Montpelier, Vt--The state legislature in Vermont, a state whose schools have traditionally been among the most reliant in the nation on local property taxes, appears ready to enact a bill that would boost state aid to schools by 50 percent.
Last Wednesday, the House of Representatives readily approved the measure, which would raise $22.4 million in new money by increasing the sales tax from 3 percent to 4 percent and the state income-tax rate from 23 percent to 24 percent of an individual’s federal income tax.
With the assured support of the governor and the state Senate’s leadership, the bill appears certain to become law.
The additional money raised would bring the amount of annual state aid to $65 million, close to 40 percent of the statewide cost of education, excluding federal programs and such “extras” as field trips, which are paid for with local funds.
State aid currently accounts for approximately 25 percent of the average district’s general operating revenues (excluding federal revenue), placing Vermont 46th in the nation in state spending for schools.
Nationally, the average state share of state and local revenues exceeds 50 percent.
A similar, if more ambitious, bill failed in January. The earlier proposal, which would have raised the sales tax to 5 percent, met with strong disapproval from legislators representing towns near the New Hampshire border.
Heavy Property-Tax Burden
Since New Hampshire has no general sales tax, lawmakers from the border area feared their communities would lose business to the neighboring state.

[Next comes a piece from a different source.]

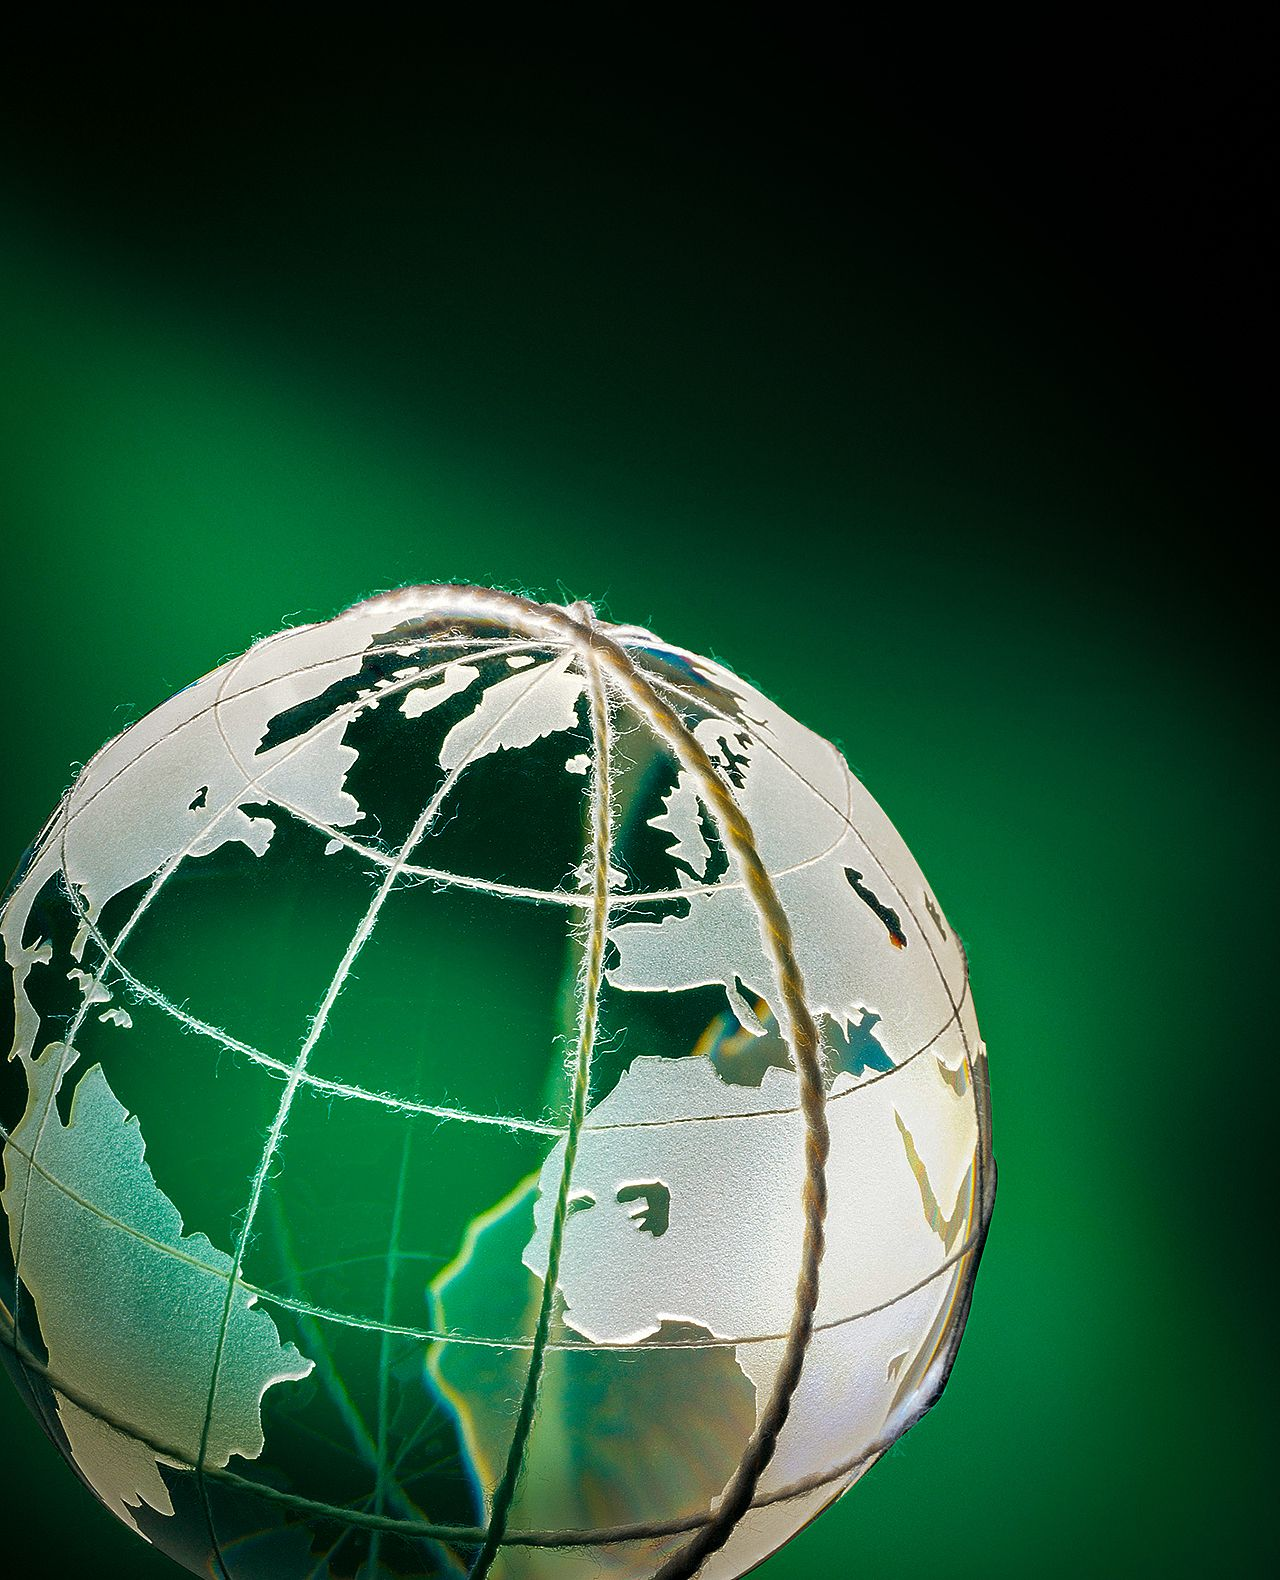 cover-globe2ContAdj2.jpg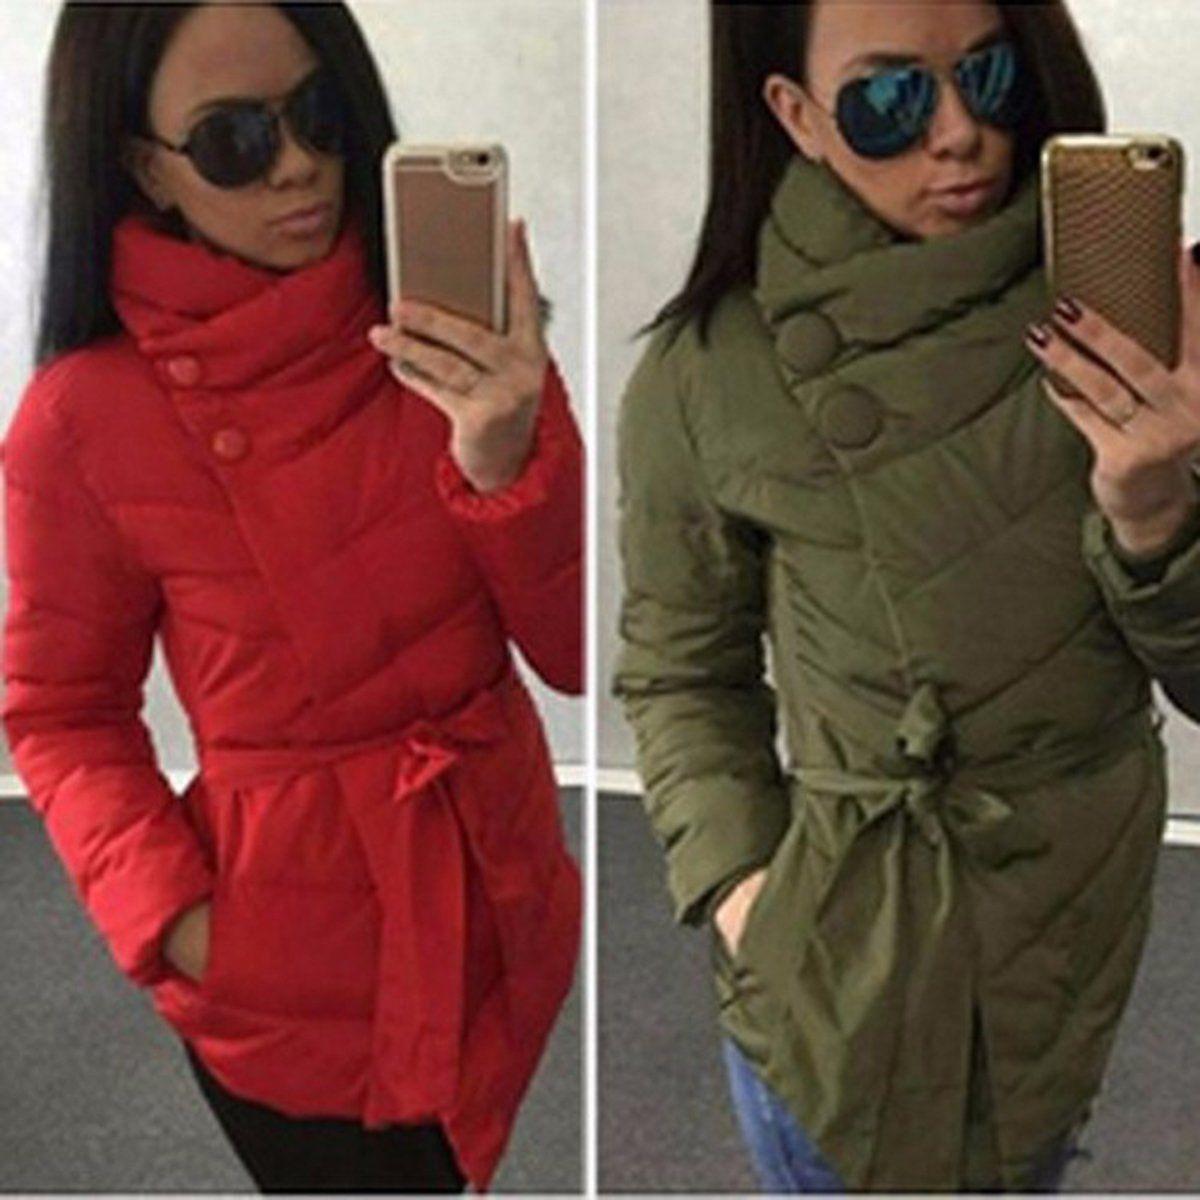 aaa63c1e70bce  14.89 - Women Winter Warm Outerwear Down Cotton Parka Jacket Coat Hooded  Collar  ebay

But the compromise was worked out because it has become increasingly clear in recent years, legislators said, that Vermont’s current system of financing schools places an inordinately heavy burden on property-tax payers and creates disparities in per-pupil expenditures among the state’s 246 school districts.
For more than a decade, Vermont has had a state-aid provision--known as the “Miller formula"--under which the state was supposed to provide 40 percent of the school districts’ general operating revenues. But in past years, the legislature has not appropriated enough money to meet the formula’s requirements.
The Vermont Education Association and other groups have long complained that education is “woefully underfunded” in the state, and the teachers’ group had threatened to sue to force changes in the finance system.
Furthermore, a land boom in the state has driven property values up, resulting in “highly inflated and unrealistic values,” said Representative Peter Giuliani, a co-sponsor of the reform legislation. Residents whose incomes have not kept pace with the increased property values, he said, have been paying far more than they could afford in property taxes.
While local districts will still be paying for most of their students’ education, the legislation would allow towns and cities to reduce property taxes.